More specifically, FIGS. 6A and 6B may relate to a new transaction has been entered into the platform and is currently under review. The difference between this transaction and the previous transaction in FIGS. 5A and 5B may be that the proposed method does not trust this transaction—it has not seen similar transactions previously. The reviewer in this case may be aware that this transaction does not contain errors and is a common year-end transaction. In such a case they can select “New Transaction Type,” which may inform the method that this is a trusted transaction with a specific transaction type (e.g., “year end . . . .”).


In the following year, if this type of transaction is received, the system may detect this using the transaction classifier and may provide the “Transaction Trust” in green. Although it is still considered a statistical outlier, it may be trusted as the transaction type is known. This is a major step compared to other purely outlier based methodologies as the proposed method uses all the available transaction, smart rule, and labeled information to make decisions. Here, however, the reviewer has selected the “Transaction Trust” to investigate why the proposed method has defined this transaction of having a low trust (e.g., red color). This transitions them to a new panel in which all the fields of the transaction that look suspicious are indicated.


The system may provide several recommendations on potential fixes that the reviewer can use to increase the trust of the transaction. Additionally or alternatively, the reviewer can also view any similar transactions if so desired. In the depicted example, the reviewer has selected the “Recommended Fix 4” as there was a coding issue that is resolved using this recommendation.

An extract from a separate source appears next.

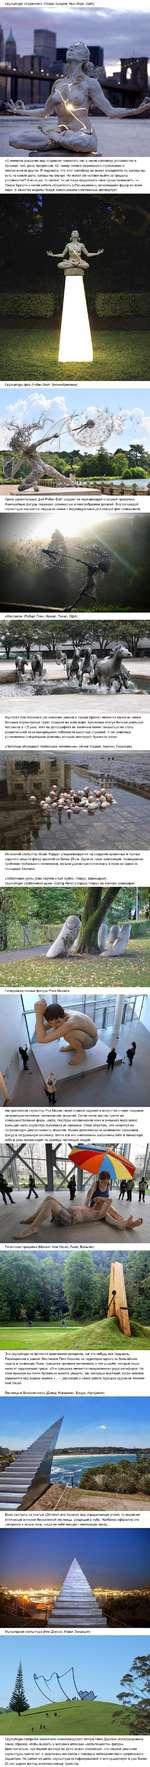 I Скульптура «Expansion» (Пэйдж Брэдли, Нью-Йорк. США) Скульптуры фей (Робин Вайт. Великобритания) «С момента рождения мир старается поместить нас в некий контейнер условностей и ярлыков: пол, раса, профессия, ю, номер полиса социального страхования и многое-многое другое. Я подумала, что этот ко

The systems and methods presented herein may have several advantages. The system may be able to learn from all available domain knowledge contained in any accounting software (e.g. transactional data, labeled transactional data, financial controls, accounting rules, or any subset of these). The method may then be used for transaction classification, outlier/novelty detection, and/or adaptive accounting rule generation. All of these may be unique to each business. As a first-in-class method, the method may be used for generating entirely new paradigms for how controllers and reviewers interact with their accounting software to increase both trust of their transactions and improve the overall consistency of their accounting software. A major advantage of the method may be that it can continuously adapt to the organization's business activity as it utilizes both the transactional data and associated controls to provide recommendations. As new rules and transactions are added (either manually or from recommendations), they can provide the basis for learning new rules to increase transaction consistency. In this manner, the method may continue to improve the operation of the accounting software.

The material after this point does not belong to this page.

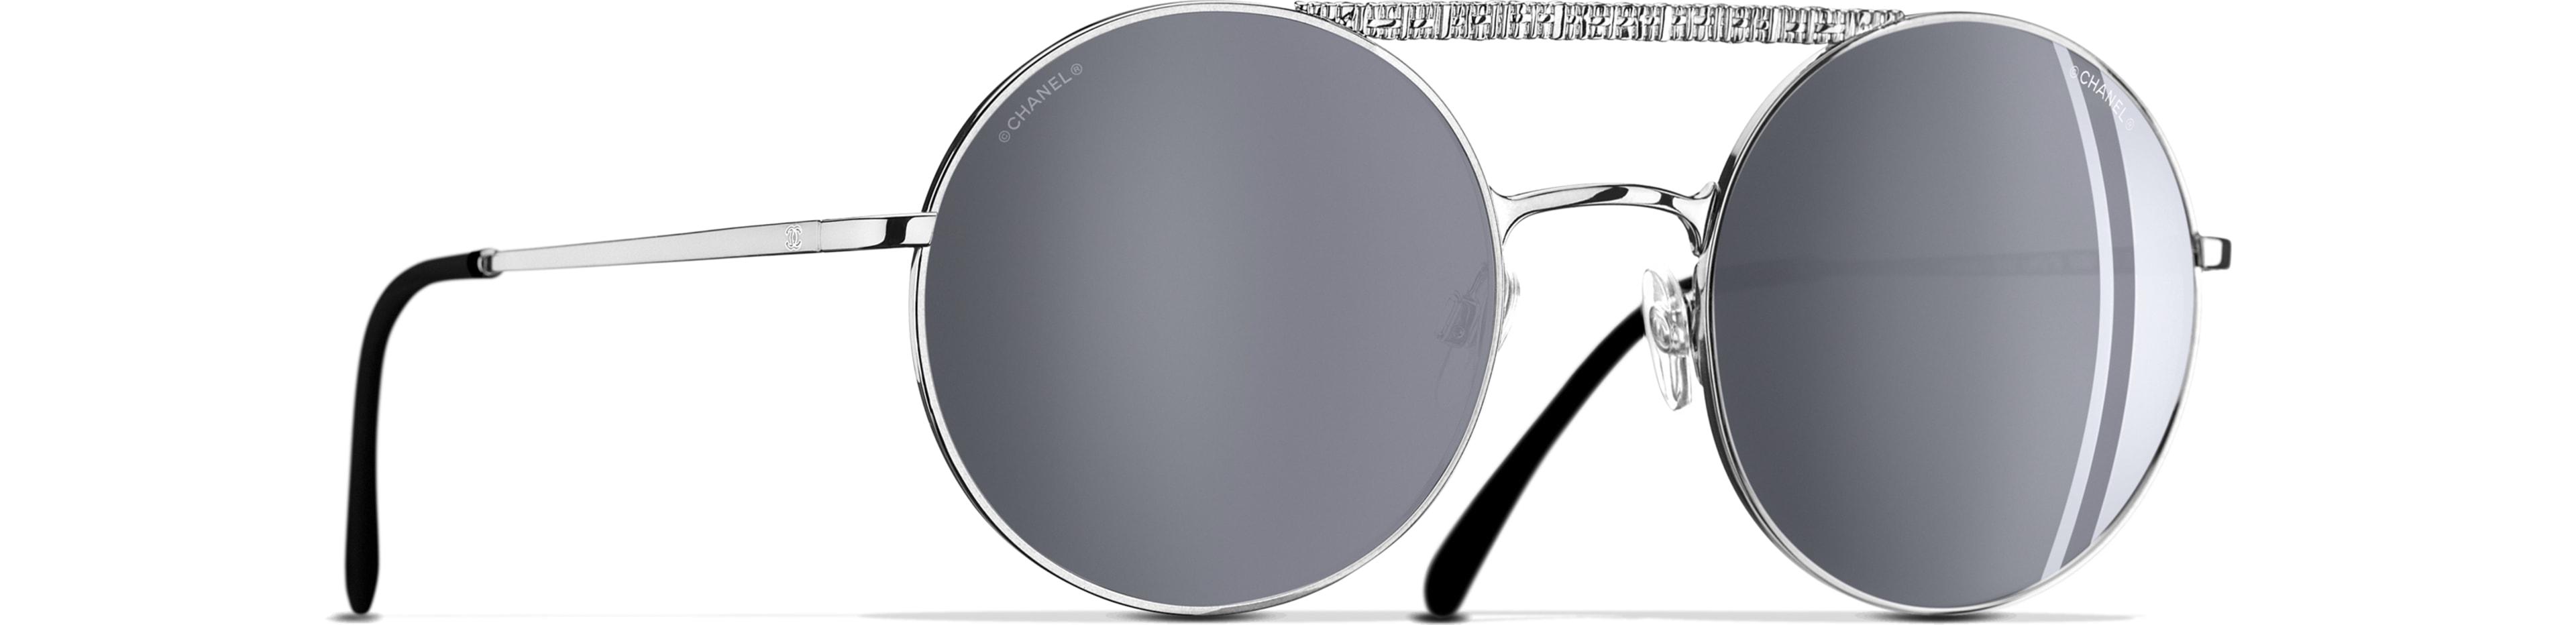 Metal silver frame. Silver mirror lenses

The method may be used in any setting in which quantitative financial transactions are present. It may have particular utility in settings in which, in addition, financial controls and accounting rules are also present. It may allow automated generation of new rule recommendations based on each business's unique transaction patterns. Use cases include detection of transactional abnormalities in the General Ledger, Accounts Payable, Accounts Receivable, etc., and automated construction of associated accounting rules to improve the consistency of transactions in these respective ledgers.


The present system and method have been described in particular detail with respect to possible embodiments. Those of skill in the art will appreciate that the system and method may be practiced in other embodiments. First, the particular naming of the components, capitalization of terms, the attributes, data structures, or any other programming or structural aspect is not mandatory or significant, and the mechanisms and/or features may have different names, formats, or protocols. Further, the system may be implemented via a combination of hardware and software, or entirely in hardware elements, or entirely in software elements. Also, the particular division of functionality between the various system components described herein is merely exemplary, and not mandatory; functions performed by a single system component may instead be performed by multiple components, and functions performed by multiple components may instead be performed by a single component.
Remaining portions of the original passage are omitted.